When Avro data is stored in a file, its schema is stored with it, so that files may be processed later by any program. If the program reading the data expects a different schema this can be easily resolved, since both schemas are present.

When Avro is used in RPC, the client and server exchange schemas in the connection handshake. (This can be optimized so that, for most calls, no schemas are actually transmitted.) Since both client and server both have the other's full schema, correspondence between same named fields, missing fields, extra fields, etc. can all be easily resolved.

Avro schemas are defined with JSON . This facilitates implementation in languages that already have JSON libraries.

Avro 和动态语言结合后,读/写数据文件和使用 RPC 协议都不需要生成代码,而代码生成作为一种可选的优化只需要在静态类型语言中实现。

当在 RPC 中使用 Avro 时,服务器和客户端可以在握手连接时进行shema交换。服务器和客户端有着彼此全部的模式,因此相同名称字段、缺失字段和多余字段等有关schema一致性问题就可以轻松解决。

还有,Avro 模式是用 JSON(一种轻量级的数据交换模式)定义的,这样对于已经拥有 JSON 库的语言可以容易实现。

Comparison with other systems

Avro provides functionality similar to systems such as Thrift, Protocol Buffers, etc. Avro differs from these systems in the following fundamental aspects.

  • Dynamic typing: Avro does not require that code be generated. Data is always accompanied by a schema that permits full processing of that data without code generation, static datatypes, etc. This facilitates construction of generic data-processing systems and languages.
  • Untagged data: Since the schema is present when data is read, considerably less type information need be encoded with data, resulting in smaller serialization size.
  • No manually-assigned field IDs: When a schema changes, both the old and new schema are always present when processing data, so differences may be resolved symbolically, using field names.

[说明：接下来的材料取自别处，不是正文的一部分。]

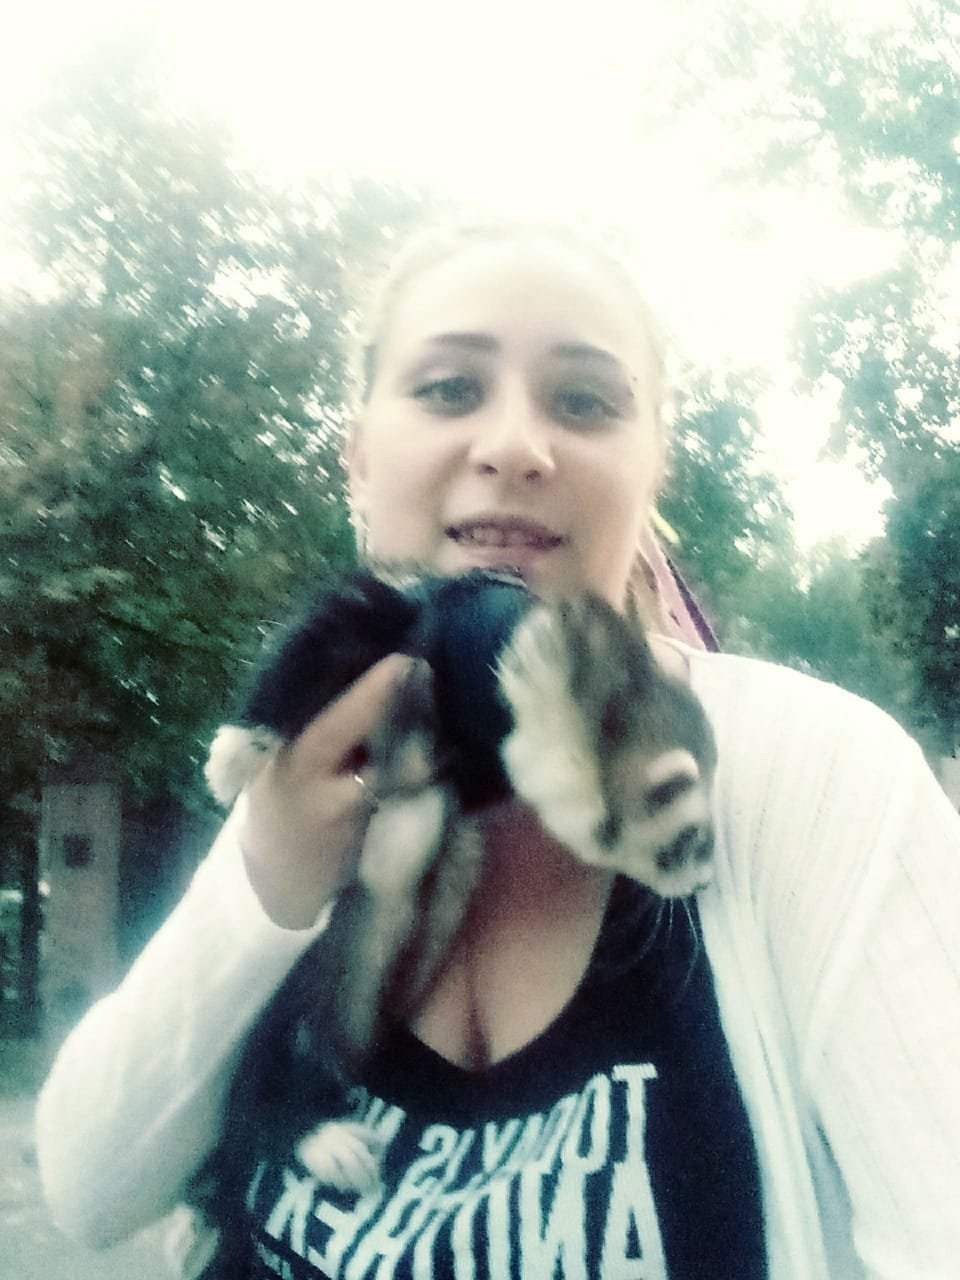 Хорька, которого засняли на видео в Алматы, вернули хозяева (фото, видео), фото-3

Apache Avro, Avro, Apache, and the Avro and Apache logos are trademarks of The Apache Software Foundation.

  • 1、动态类型:Avro 并不需要生成代码,模式和数据存放在一起,而模式使得整个数据的处理过程并不生成代码、静态数据类型等等。这方便了数据处理系统和语言的构造。
  • 2、未标记的数据:由于读取数据的时候模式是已知的,那么需要和数据一起编码的类型信息就很少了,这样序列化的规模也就小了。
  • 3、不需要用户指定字段号:即使模式改变,处理数据时新旧模式都是已知的,所以通过使用字段名称可以解决差异问题。
 

2. Schema

Schema 通过 JSON 对象表示。Schema 定义了简单数据类型和复杂数据类型,其中复杂数据类型包含不同属性。通过各种数据类型,用户可以自定义丰富的数据结构。

基本类型有:

类型说明
null no value
boolean a binary value
int 32-bit signed integer
long 64-bit signed integer
float single precision (32-bit) IEEE 754 floating-point number
double double precision (64-bit) IEEE 754 floating-point number
bytes sequence of 8-bit unsigned bytes
string unicode character sequence
 

Avro定义了六种复杂数据类型:

  • Record:record 类型,任意类型的一个命名字段集合,JSON对象表示。支持以下属性:
    • name:名称,必须
    • namespace
    • doc
    • aliases
    • fields:[一个 JSON 数组,必须]
      • name
      • doc
      • type
      • default
      • order
      • aliases
  • Enum:enum 类型,支持以下属性:
    • name:名称,必须
    • namespace
    • doc
    • aliases
    • symbols:枚举值,必须
  • Array:array 类型,未排序的对象集合,对象的模式必须相同。支持以下属性:
    • items
  • Map:map 类型,未排序的对象键/值对。键必须是字符串,值可以是任何类型,但必须模式相同。支持以下属性:
    • values
  • Fixed:fixed 类型,一组固定数量的8位无符号字节。支持以下属性:
    • name:名称,必须
    • namespace
    • size:每个值的 byte 长度
    • aliases
  • Union:union 类型,模式的并集,可以用JSON数组表示,每个元素为一个模式。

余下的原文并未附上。